A $10\, kg$ block is placed on a horizontal surface whose coefficient of friction is $0.2$. A horizontal force $P=15 \, N$ first acts on it in the eastward direction. Later, in addition to $P$ a second horizontal force $Q=20\, N$ acts on it in the northward direction : (Take $g=10 \, m / s ^{2}$ )

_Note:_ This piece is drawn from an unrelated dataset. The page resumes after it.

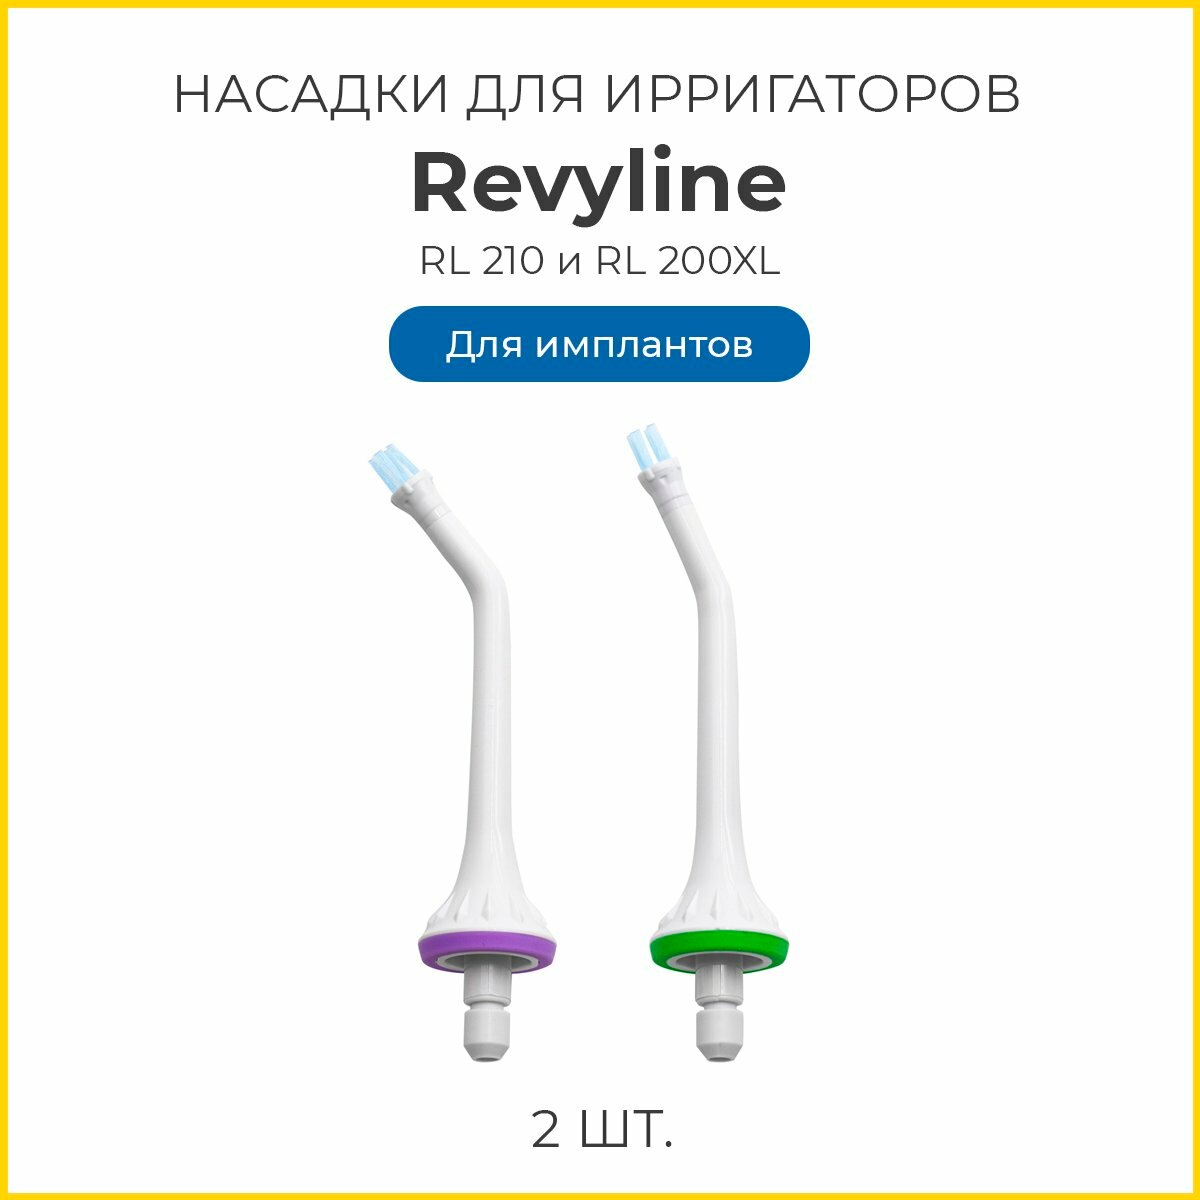 Сменные насадки для ирригаторов Revyline RL 210, RL 200/200XL для имплантов, 2 шт.

• A. The block will not move when only $P$ acts, but will move when both $P$ and $Q$ act
• B. If the block moves, the acceleration will be $0.5 \, m / s ^{2}$
• C. When the block moves, its direction of motion will be $\tan ^{-1}(13 / 4)$ east of north
• D. When both $P$ and $Q$ act, the direction of the force of friction acting on the block will be $\tan ^{-1}(3 / 4)$ west of south

Answer 1

Answer: (A), (B), (C)

$f_{1 \max } =0.2 \times 10 \times 10 $
$=20\,N$
As $f_{1 \max }< P$, friction force
$f_{1}=15\, N $ and block do not move
When both $P$ and $Q$ acts, resultant applied force,
$R =\sqrt{P^{2}+Q^{2}}=\sqrt{15^{2}+20^{2}}$
$=\sqrt{625}=25 N$
$R >f_{1 \text { max }}$, thus block moves when both $P$ and $Q$ acts
$a=\frac{R-f_{1 \max }}{m} $
$=\frac{25-20}{10}=\frac{5}{10}=0.5\, m / s ^{2}$
Direction of $\vec{R}$,
$ \tan \theta =\frac{15}{20}=\frac{3}{4} $
$ \theta =\tan ^{-1} \frac{3}{4} $ (east of north)

Thus, direction of force of friction $\left(F_{r}\right)$ will be opposite to $R$, i.e. west of south.